Çin-ABD Rekabeti ve Bölgesel İttifaklar
/
Saldırı, ABD ile Çin arasındaki küresel güç mücadelesinin bir yansıması olarak değerlendirilebilir. ABD, Çin’in üretim merkezi konumunu zayıflatmak için Hindistan’ı stratejik bir alternatif olarak destekliyor. Apple gibi dev şirketlerin üretimlerini Hindistan’a kaydırması, bu politikanın somut bir göstergesi. Öte yandan, Çin, Pakistan’ın en büyük silah tedarikçisi ve yakın müttefiki. Çin’in Gwadar Limanı projesi, Hint Okyanusu’na erişim ve İpek Yolu’nun canlandırılması için kritik bir öneme sahip. Hindistan’ın saldırısı, bu bağlamda Çin-Pakistan ittifakına yönelik bir mesaj olarak okunabilir. Ayrıca, Hindistan ile Çin arasında Sikkim bölgesindeki sınır anlaşmazlıkları, iki ülke askerlerinin sopalarla karşı karşıya geldiği gerilimli bir ortam yaratıyor.
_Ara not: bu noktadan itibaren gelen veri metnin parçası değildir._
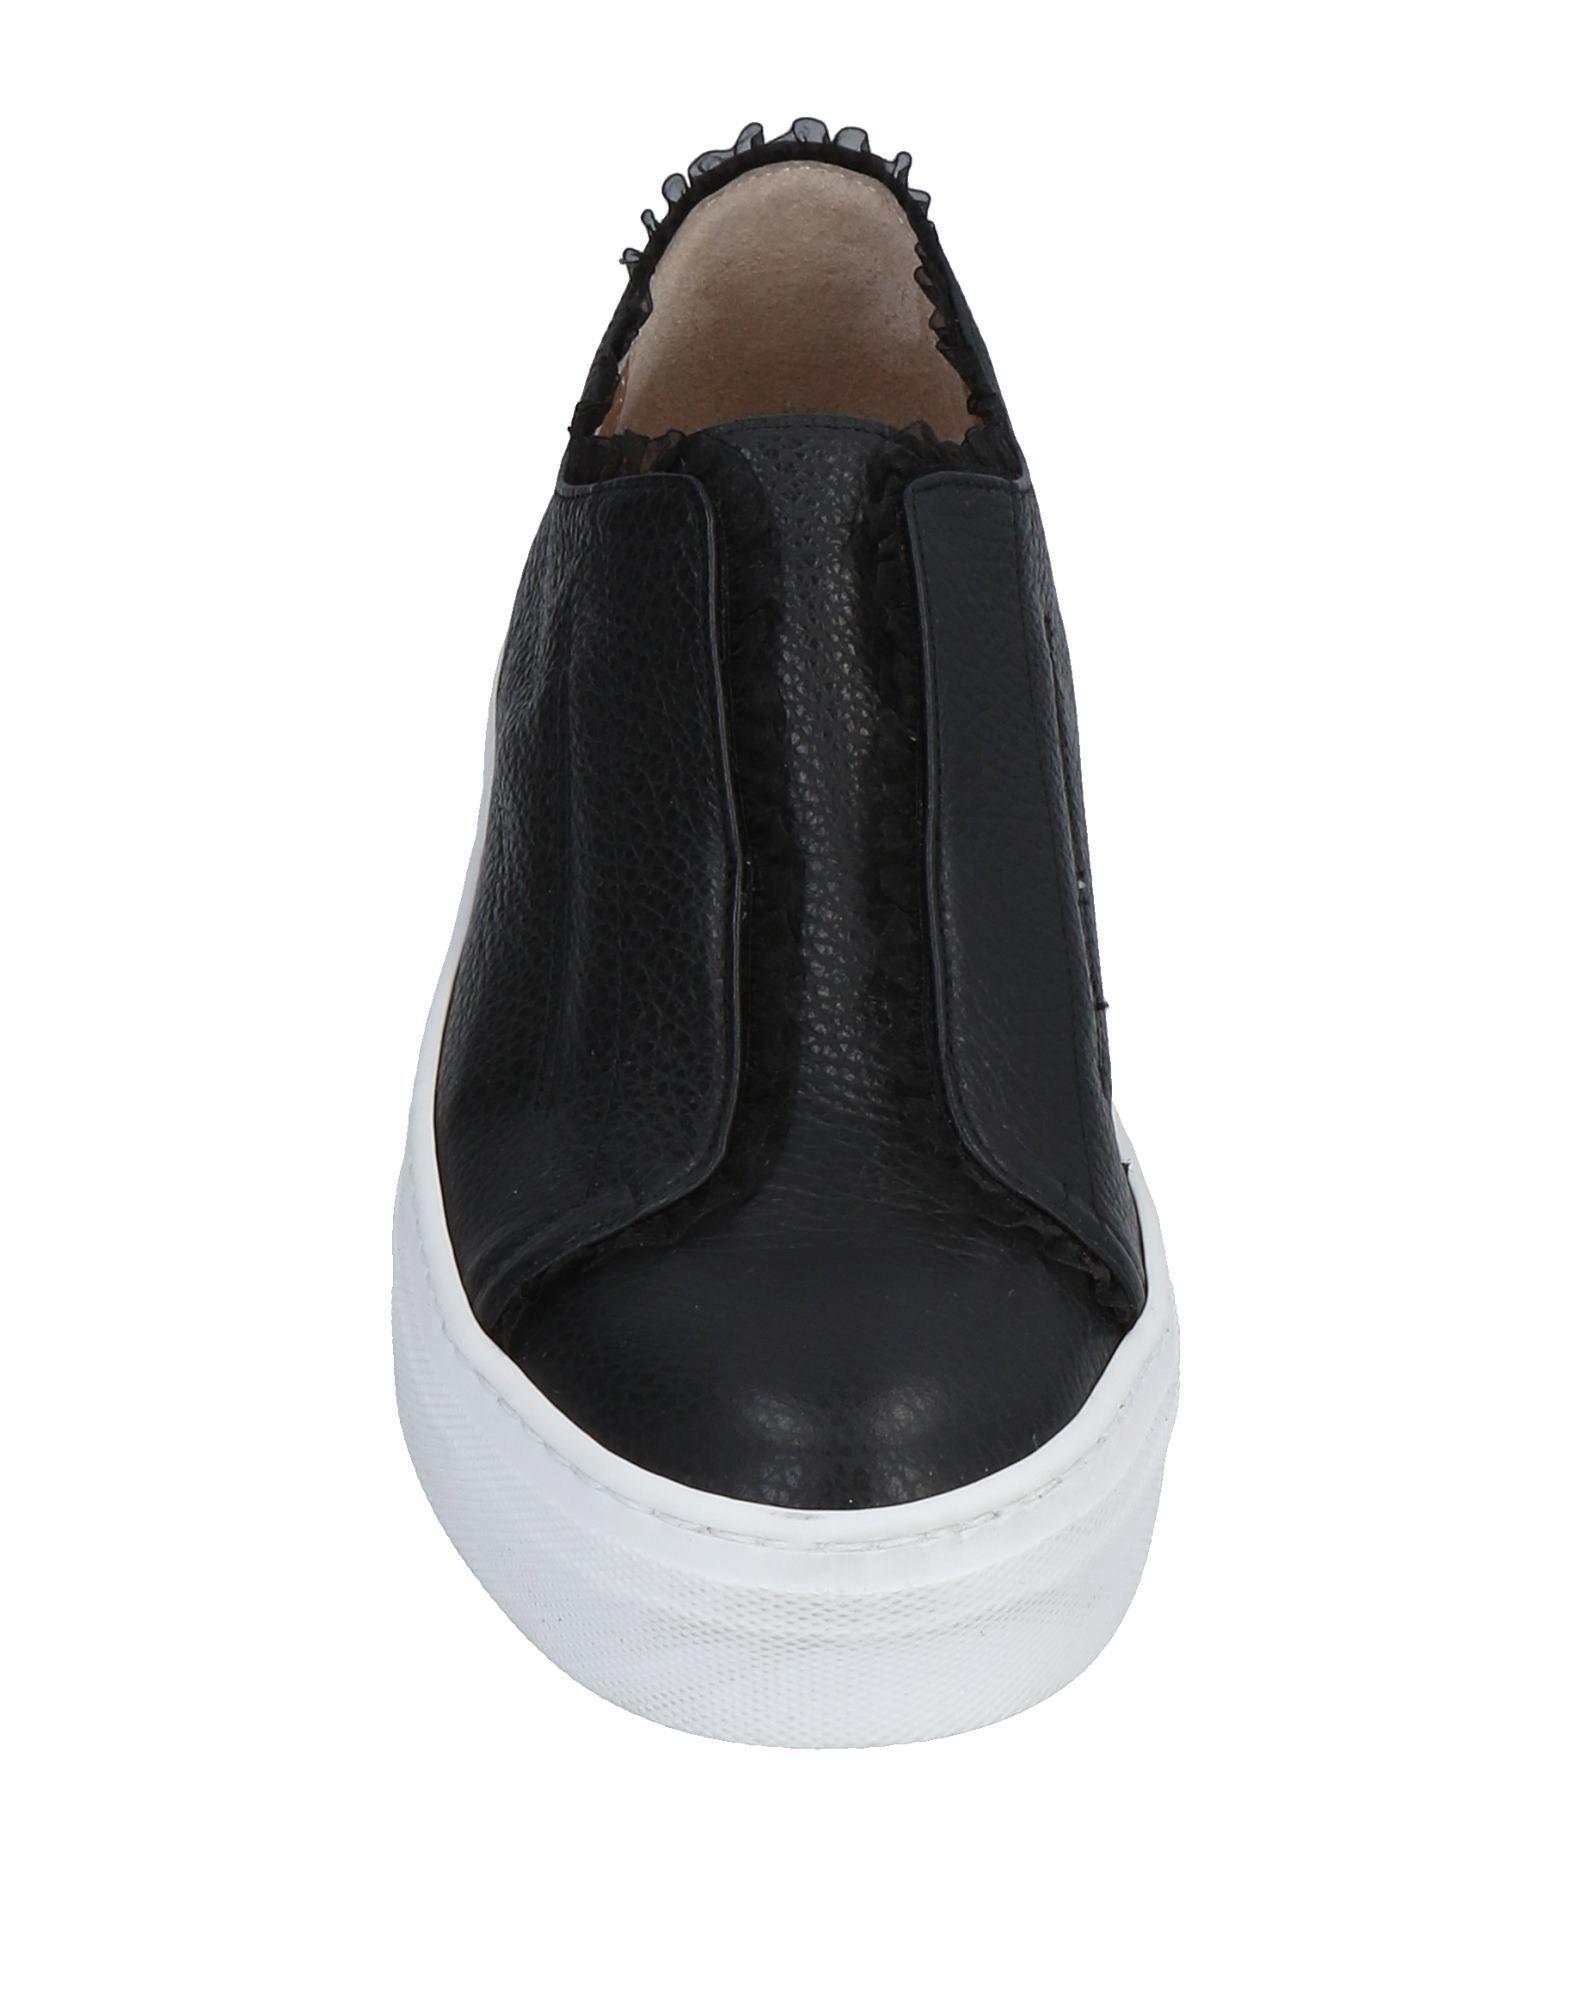 Nila & & & Nila Sneakers - Women Nila & Nila Sneakers online on  United Kingdom - 11473395EL d07670

Su Krizi: Bölgesel ve Küresel Bir Tehdit
/
İndus Nehri havzası, Pakistan’ın su kaynaklarının %80’inden fazlasını sağlıyor ve Hindistan-Pakistan ilişkilerinde uzun süredir bir gerilim unsuru. 1960 tarihli İndus Suları Anlaşması, İndus, Chelum ve Chenab nehirlerini Pakistan’a, Ravi, Beas ve Sutlej nehirlerini ise Hindistan’a bırakarak olası bir “su savaşını” şimdiye kadar önledi. Ancak küresel su krizi derinleştikçe, bu anlaşmanın sürdürülebilirliği sorgulanıyor. Anadolu Ajansı’ndan Doç. Dr. Furkan Kaya’ya göre, su kaynakları üzerindeki bu hassas denge, iki ülke arasında yeni çatışmalara yol açabilir.